■ **GIVEN MATERIAL**
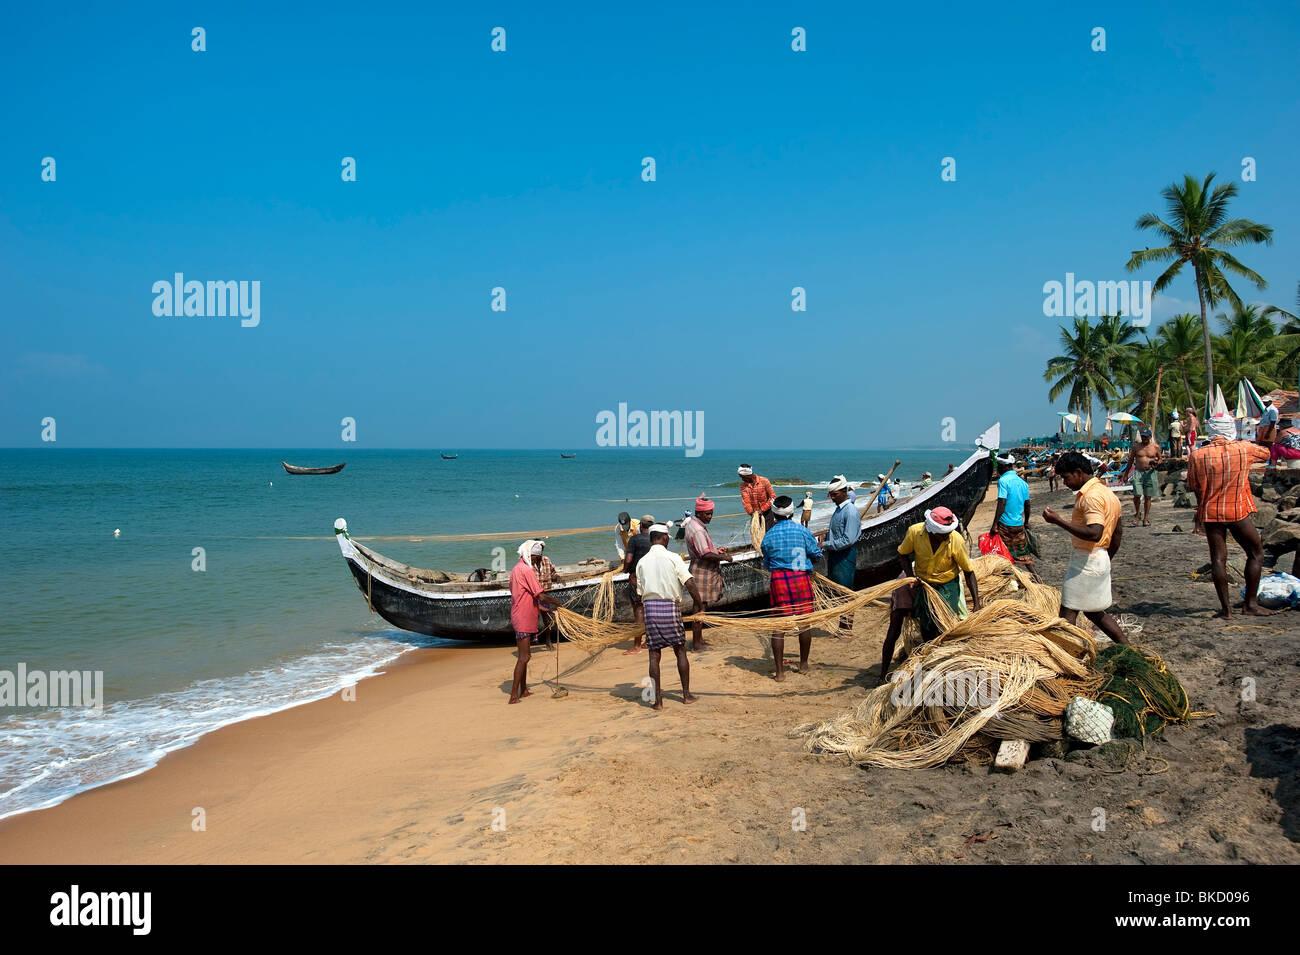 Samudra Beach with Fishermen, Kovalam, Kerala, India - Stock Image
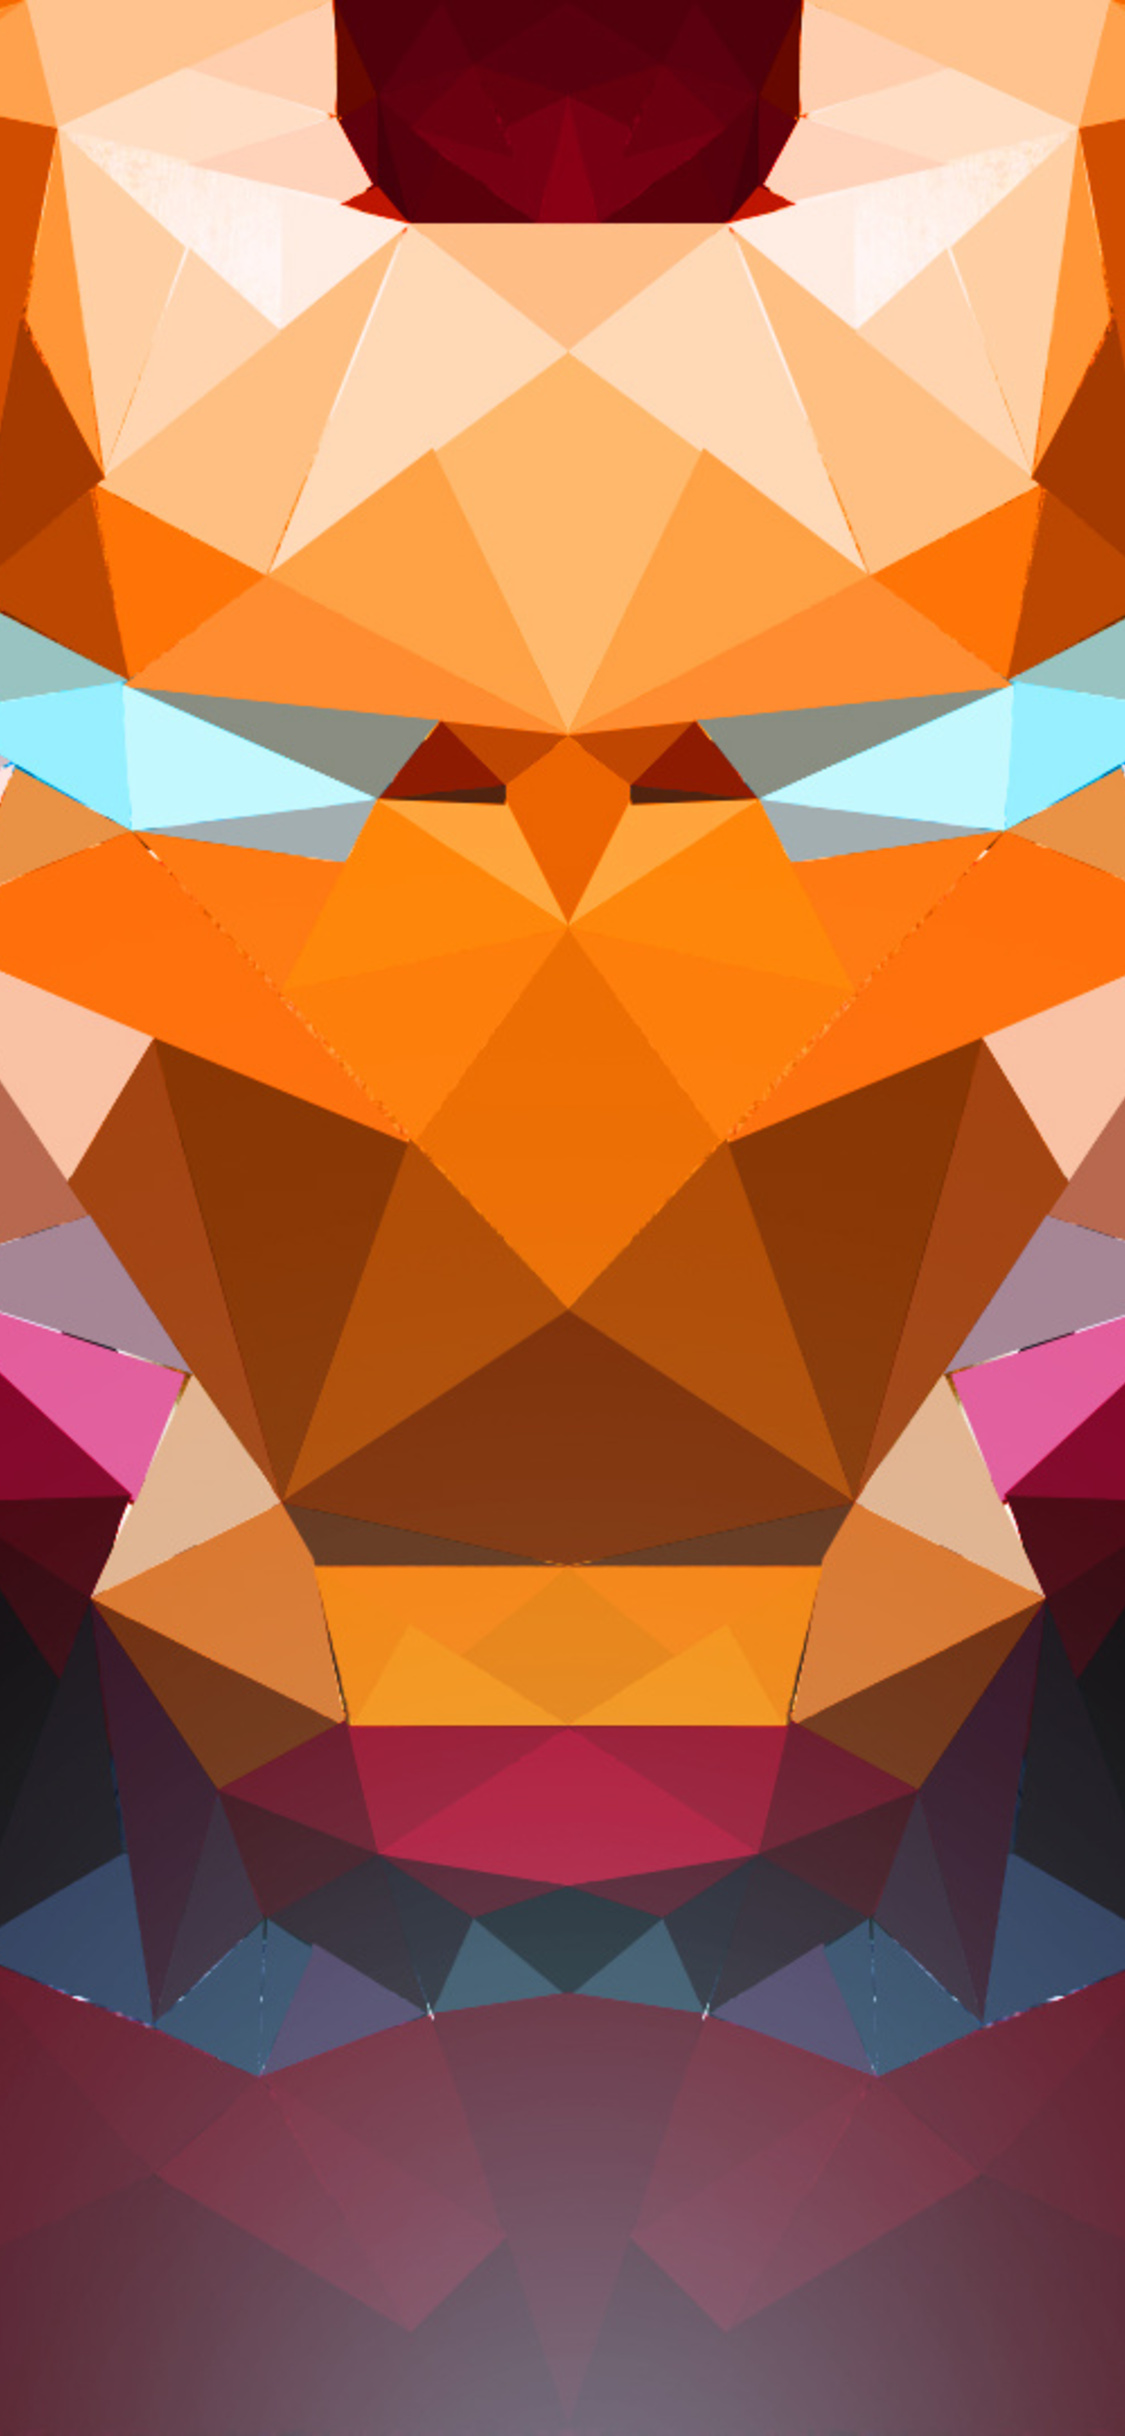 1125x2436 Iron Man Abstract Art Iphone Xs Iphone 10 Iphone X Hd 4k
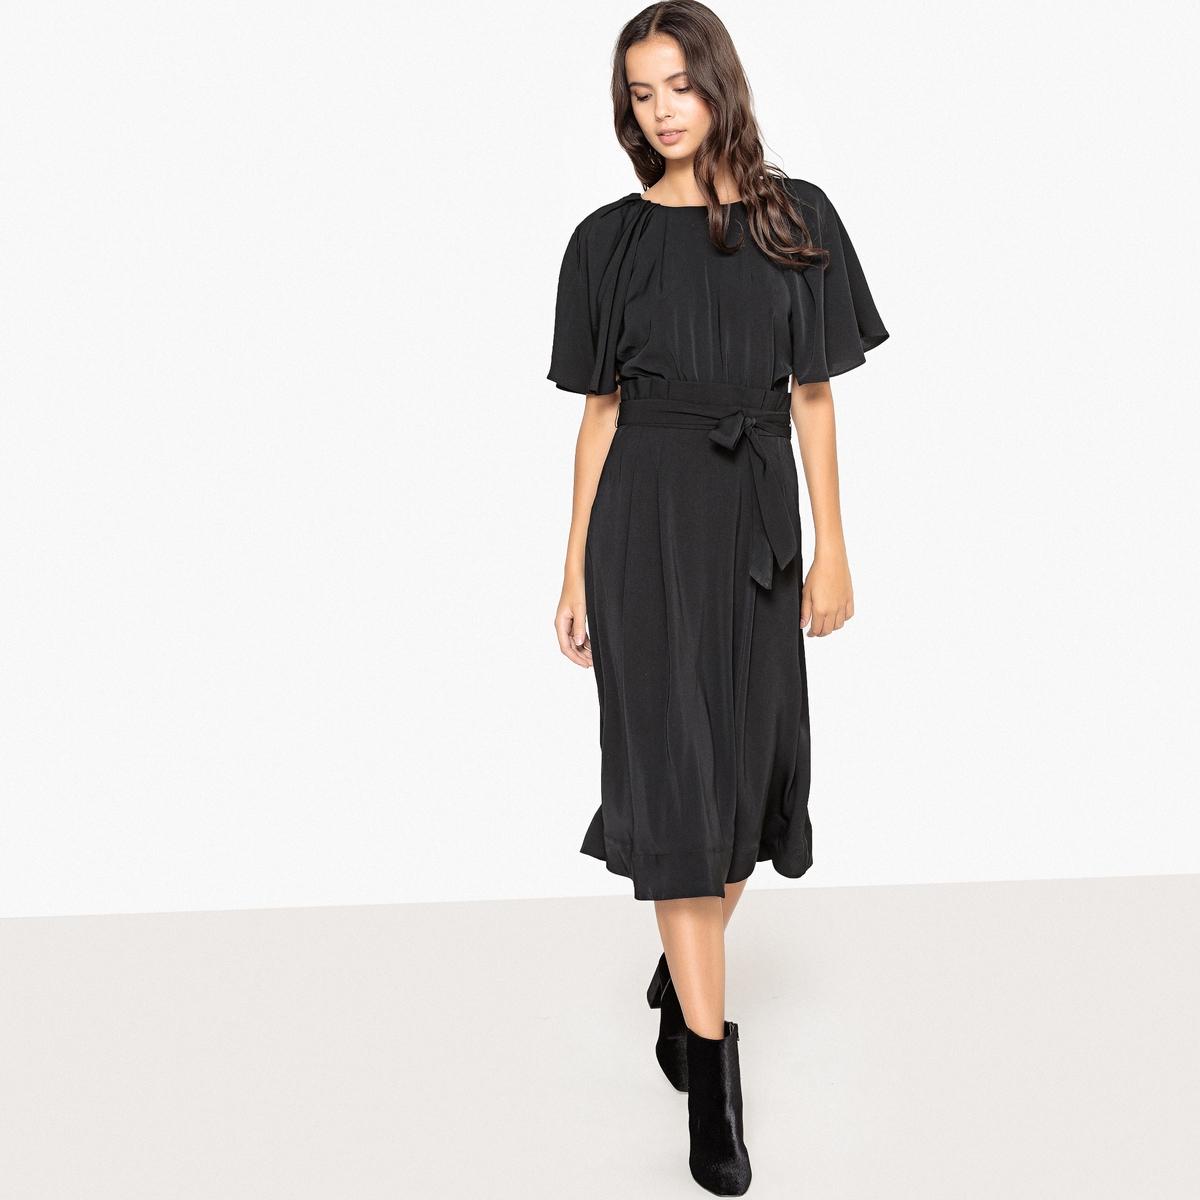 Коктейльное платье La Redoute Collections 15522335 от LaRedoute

■ **PROBLEM**
In the answer, retype exactly and only the lines from the one holding "1125x2436 Iron Man" through the end of the listing, keeping both ends and dropping every picture.

■ **EXPECTED ANSWER**
 1125x2436 Iron Man Abstract Art Iphone Xs Iphone 10 Iphone X Hd 4k
 Коктейльное платье La Redoute Collections 15522335 от LaRedoute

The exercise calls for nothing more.